Consistent and near-consistent ordering of vignettes

We assess the vignette equivalence assumption by first considering the global ordering of the vignettes. A minimal condition for the assumption of vignette equivalence to hold is that individual responses are consistent with the global ordering of vignettes. The global ordering for a domain can be obtained by pooling all the responses across countries and considering the average categorical response for each vignette [19]. Similar tests of the vignette equivalence assumption based on the global ordering of vignettes, but for health-related disabilities, job satisfaction and self reported measures of health, have been undertaken by [5, 9, 11, 21]. Due to the presence of stochastic measurement errors we cannot expect all individuals to order the vignettes in exactly the same way as each other. Adopting the approach of Murray et al. [19], we define a consistent ordering as “a set of categorical vignette ratings that could be consistent with the global ordering in the latent variable space, if ambiguities were resolved in favour of the global ordering” [p. 373].^{Footnote 5} Accordingly, for each domain and for each country we compute the percentage of respondents that gave an ordering of vignettes consistent with the global ordering, or had an ordering where only one vignette moved one or two ranks or two vignettes moved one rank each. Further, we compute the average percentage of respondents in each country that gave an ordering of vignettes consistent or near-consistent with the global ordering, where countries have been stratified by HDI groups and by the Inglehart–Welzel map groups.^{Footnote 6}

Spearman rank order correlation coefficient

Individuals’ ordering of the vignettes might differ due either to measurement errors (caused, for example, by incorrect phrasing, translation or implementation of the vignette questions) or to problems of multidimensionality and variation in the cultural construct of a domain [19].^{Footnote 7} An analysis of the more common alternative patterns of vignette ordering can provide information about the relative importance of the problem of measurement error versus the problems of multidimensionality and variation in the cultural construct of a domain. Measurement error is generally associated with a large number of alternative orderings (due to chance). The prevalence of multidimensionality or cultural variation in a construct should, however, lead us to observe a limited number of alternative orderings, “reflecting some other weighting of the components of a multidimensional construct or alternative cultural constructs” [19, p. 376]. Multidimensionality of the responsiveness construct provides evidence of a violation of the vignette equivalence assumption. The Spearman rank order correlation coefficient (SROCC), which quantifies the extent to which an ordering is consistent with the global ordering of vignettes, has been suggested as a means to investigate the relative importance of the two sources of difference in ratings of vignettes [19].^{Footnote 8} For each domain we compute the SROCC between the vignettes rankings of each respondent and the global ranking.

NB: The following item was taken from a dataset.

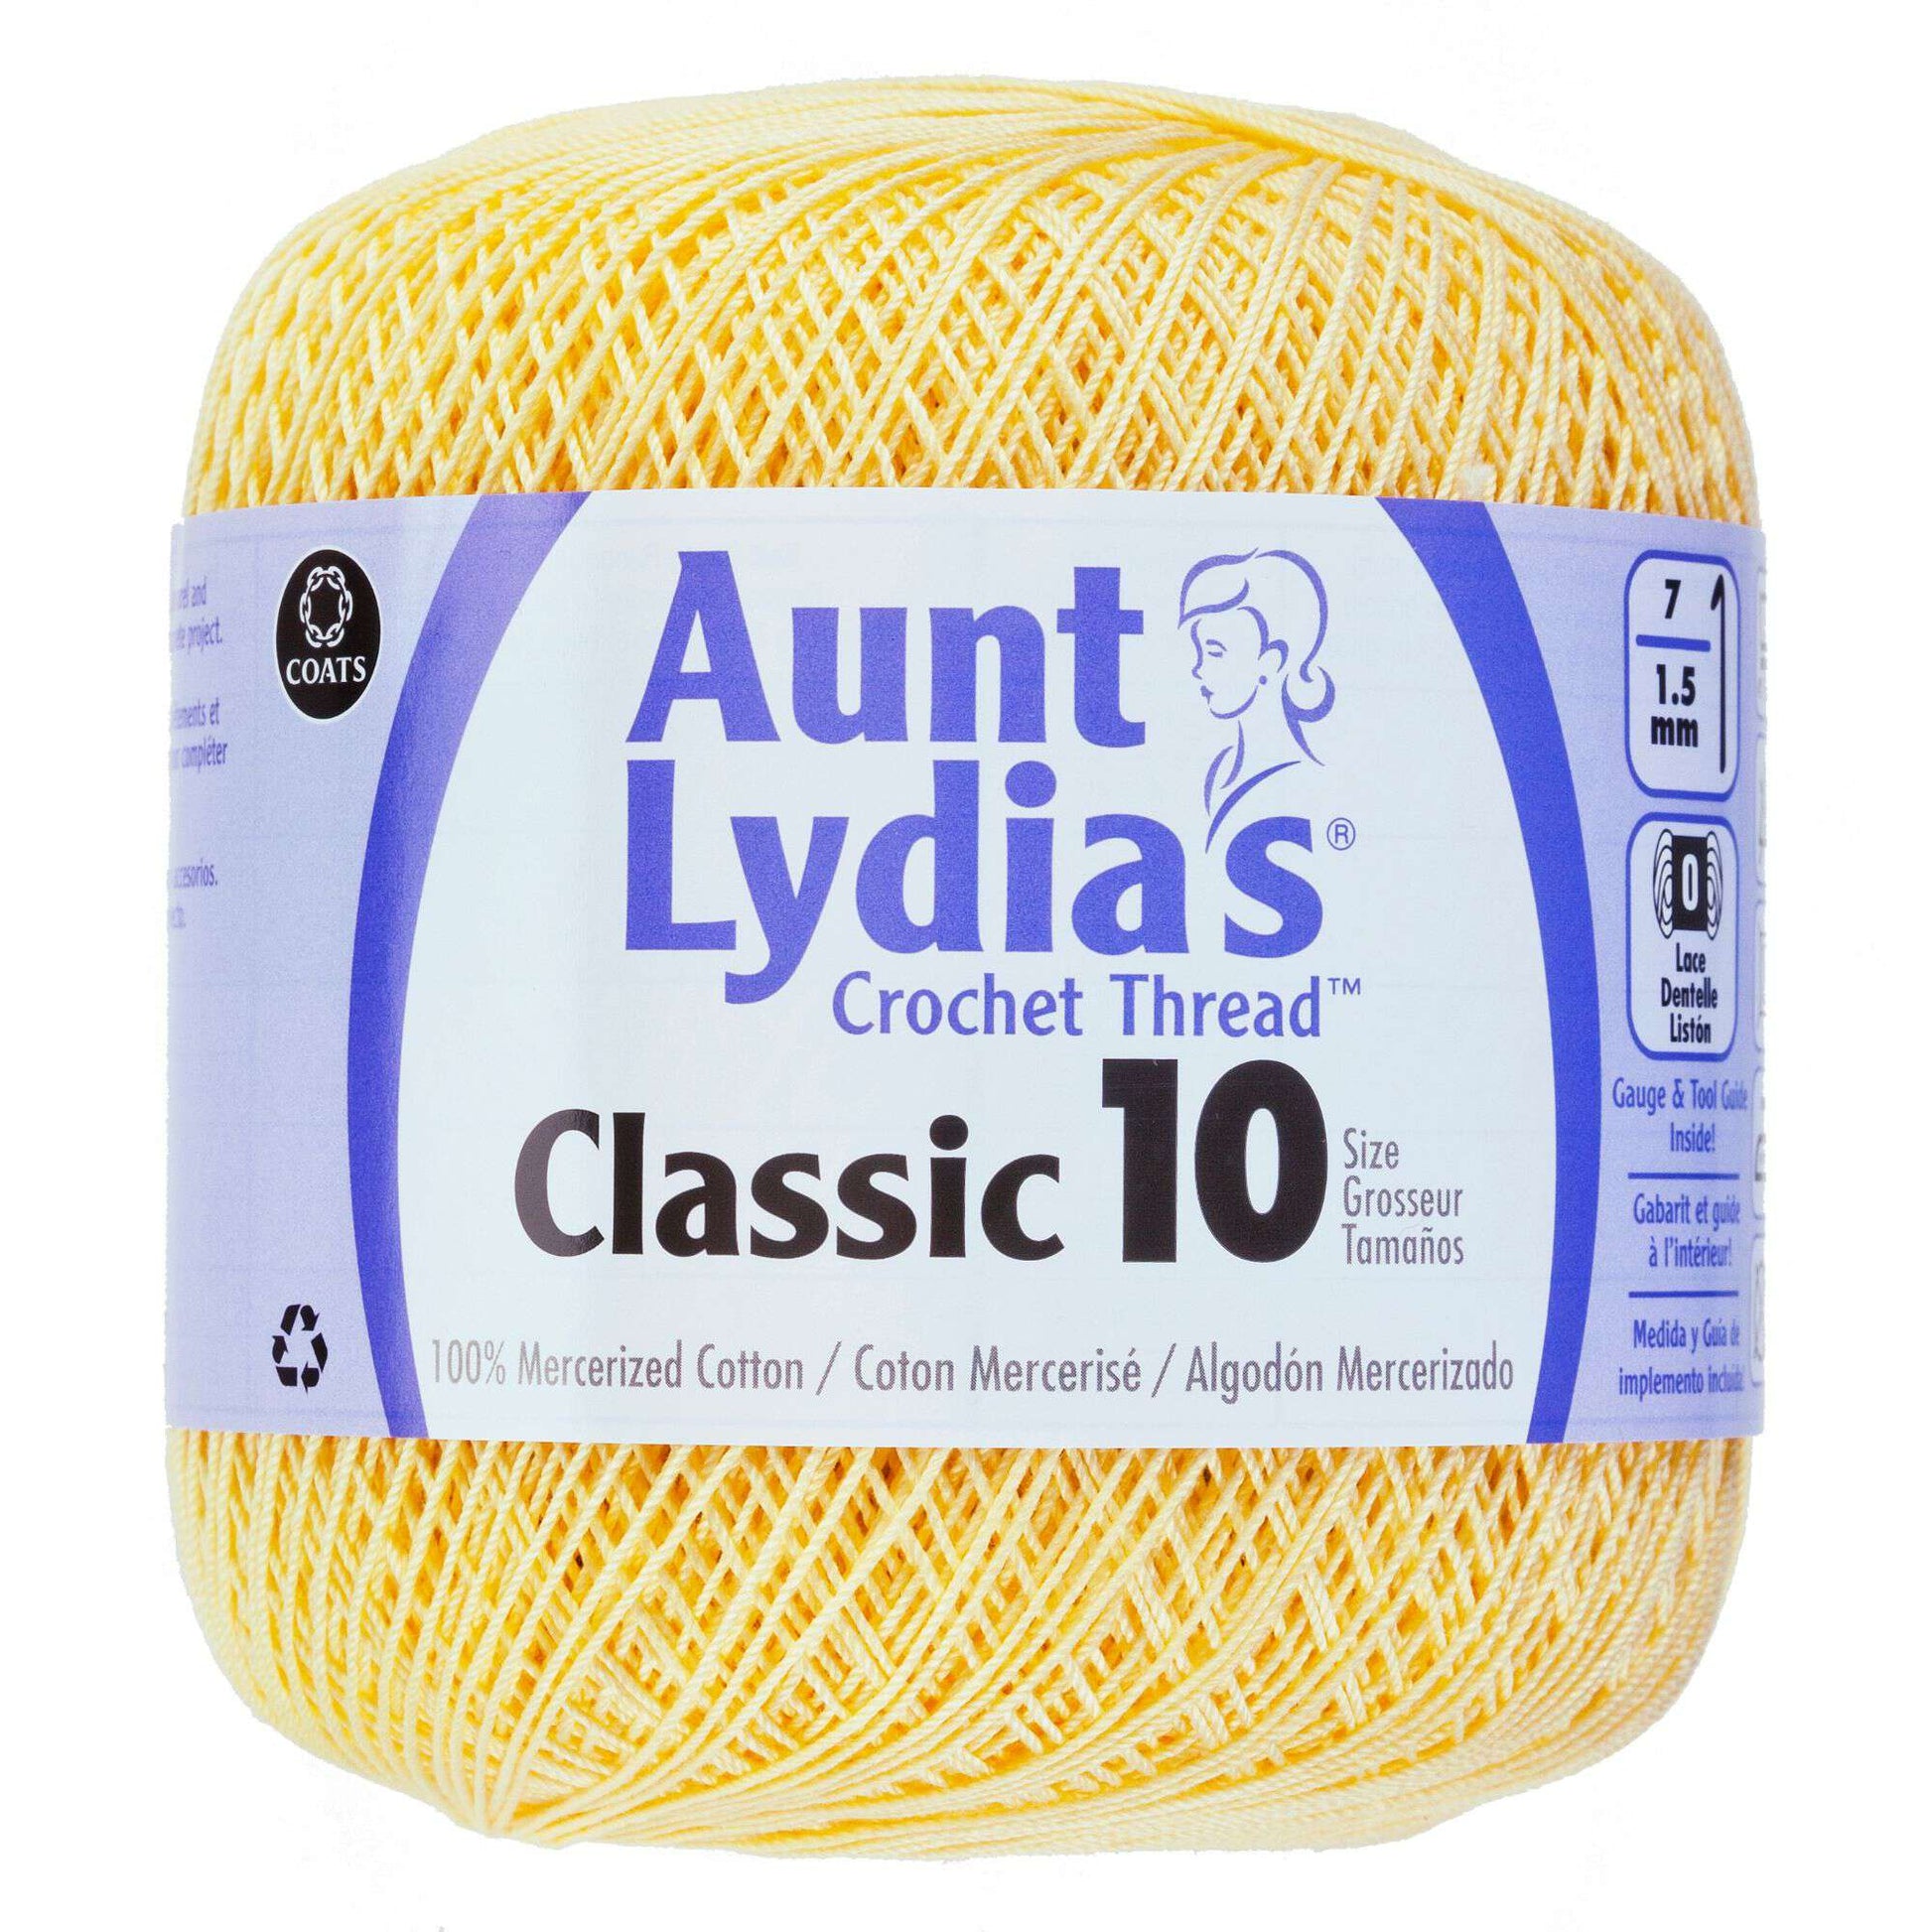 Aunt Lydia Classic Crochet Thread, Blacklight

We calculate the frequency distribution, together with several descriptive statistics, of the SROCCs across all individuals in the WHS dataset for the eight domains considered.^{Footnote 9} First, for each domain, we compute the percentage of individuals who report an ordering of vignettes that is positive and the percentage of individuals for which the correlation coefficient between the individual and the global ordering of vignettes is larger than 0.5. Secondly, following Murray et al. [19], we report the number of different rank order correlation coefficients observed in each domain and the number that occur with a frequency greater than 1%. The greater the number of different rank order correlation coefficients reported in each domain together with a smaller number occurring with a large frequency, the higher the probability that alternative orderings are due to measurement errors rather than to multidimensionality or cultural variation. We also show the median SROCC for each domain and the average SROCC across domains for each country.^{Footnote 10}

The HOPIT model

An alternative way to check the vignette equivalence assumption implies estimating a model for responsiveness that takes into account possible biases due to reporting heterogeneity. This approach, adopted by Kristensen and Johansson [11] when considering self-reported job satisfaction, consists of firstly estimating a model on a pool of countries. Secondly, the sample is split into groups of countries according to the values, social norms, economic development, etc. that characterise these countries. Models are then estimated on the sub-samples and the coefficients are compared to those obtained from the pooled sample. If the model is robust and the vignette equivalence assumption is not violated, then we would expect the coefficient to be similar in the two samples. However, if the differences in culture and values across the country groups lead individuals to interpret the meaning of vignettes differently (and thus to violate the vignette equivalence assumption), we should observe very different estimated coefficients across the country groups [11].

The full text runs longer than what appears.